A Mea Culpa to My Dear Mom
I was lying on a massage table today on the third floor of a house that looked like it would be more at home in New Orleans than Oakland — sort of crumbling and regal, a giant palm tree towering into the sky out front. New agey music was playing out of a desktop computer. An Ansel Adams landscape hung on the wall next to cherry, agnostic prayer flags. Tiny, delicate needles were protruding all over my body. My calves were tingling. My head was throbbing. And it hit me: cynicism about non-Western medicine is a luxury.
Which is to say, I’m sorry for all the times I made fun of your alternative healing regimens. I was lying there — 35 years old with an immune system that feels like it’s all but gone to sleep on the job, and realized that people who shun acupuncture or herbs have likely never been forced to reckon with the limitations, not just of their own bodies, but of Western medicine.
I’m in a major moment of reckoning with limitations, Mom.

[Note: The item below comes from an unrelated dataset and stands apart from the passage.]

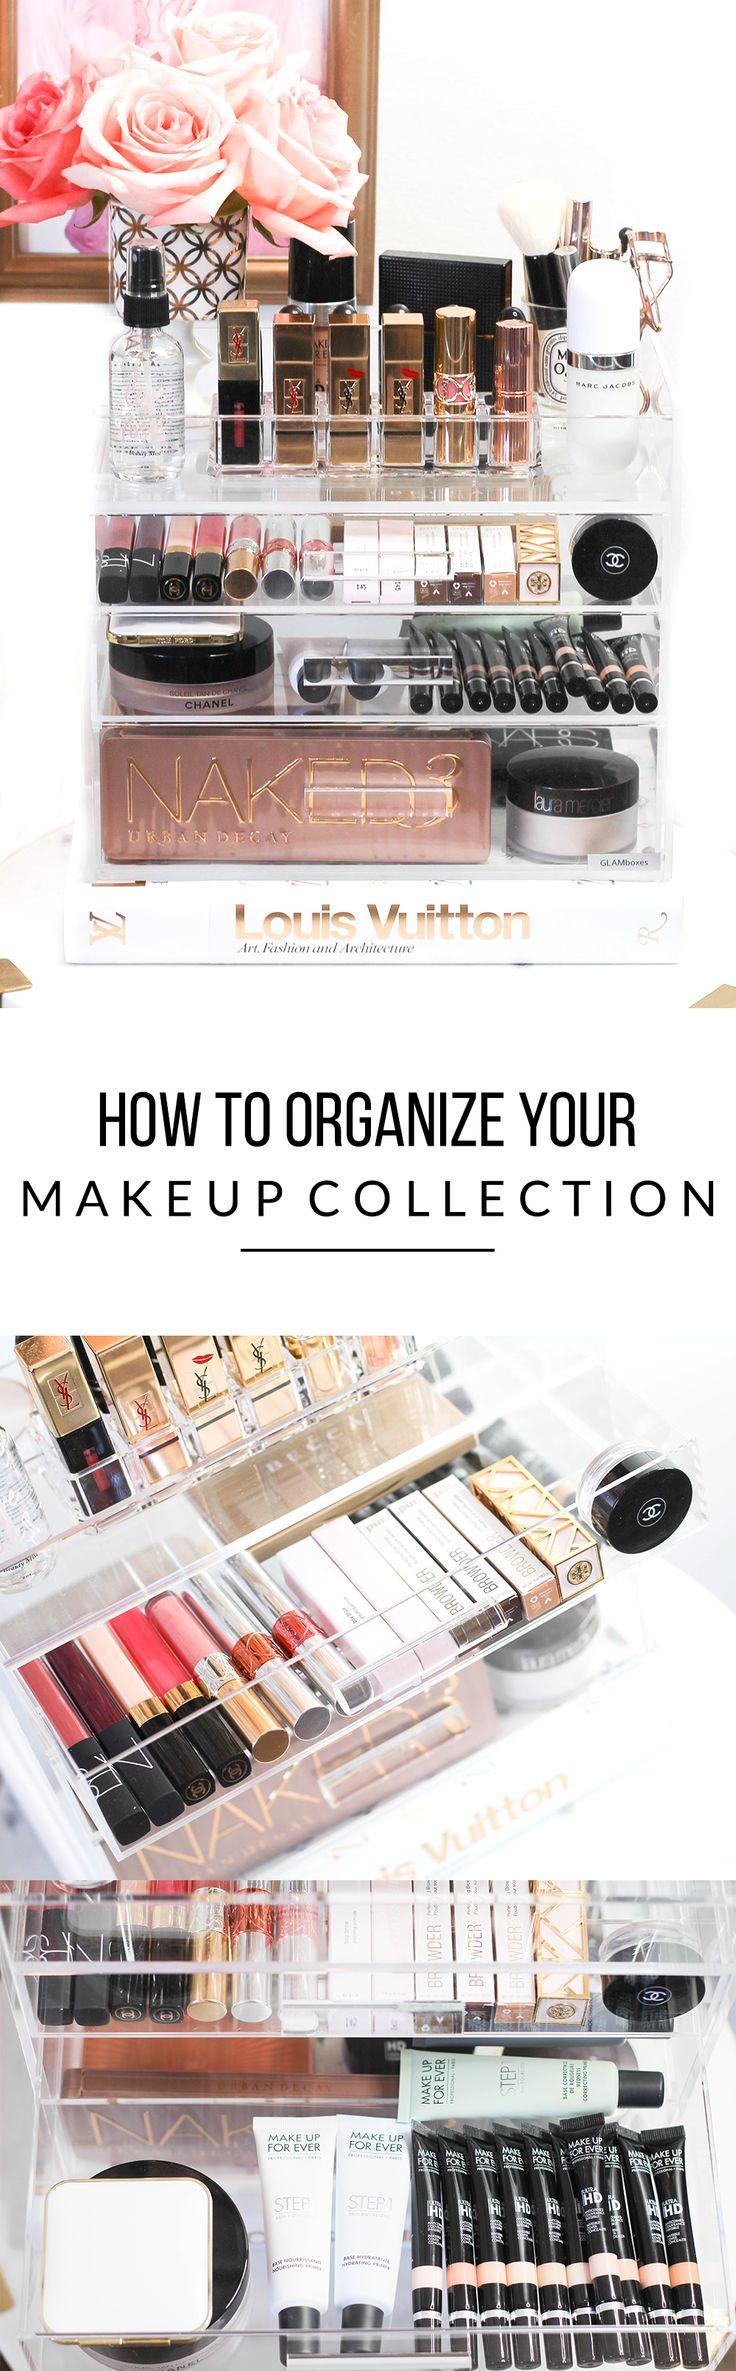 How To Organize Your Makeup Collection | Makeup Organization | Acrylic Makeup Organizers

I remember once when I was snooping around in the attic of our childhood home and found this cupboard with all of your old appointment books stacked one on top of the other. I flipped through them and marveled at the tiny, penciled appointments crowding out every little blank space. There were notes about the carpool and book club, reminders about dropping off food for someone who was struggling and picking up birthday presents for cousins. It all seemed so official. So busy.
At the time, I was confused: Why would you keep appointment books filled with information about the past?
Now I know. These books were the archive of your own daily struggle with limitation. They marked, albeit in a mundane language, the cacophonous rhythms of a working mother. They were a map that you could trace back to your own autoimmune illness — the thing that led you down so many roads less traveled in order to be healed.
You were a woman in the eye of the storm. I was an eye-rolling adolescent. I wished you could just go to regular doctors like everyone else’s parents, let us get antibiotics so we could get better, faster — not carry around those Ziplocs filled with supplements and horse yeast and god knows what else. I wished, of course, most ferociously, for you to be well. But at least if you couldn’t be well, couldn’t you at least be normal?
The acupuncturist asked me, “How’s your spirit?”
I said, “Anxious. Overwhelmed.”
No doctor has ever asked me about my spirit before, which strikes me, now, after all those years and eye rolls, as totally not normal. Why wouldn’t a healing professional want to understand how your emotional life was informing your physical health? It’s like the majority of Western doctors are assessing their patients with one eye closed.
For what it’s worth, I get it now, Mom. My Google calendar is chock-full. My immune system is on the fritz. I’m trying to take care of myself. I’m trying to get taken care of. And I’m lying in a room with needles sticking out of my body thinking about how you are, once again, right. About pretty much everything.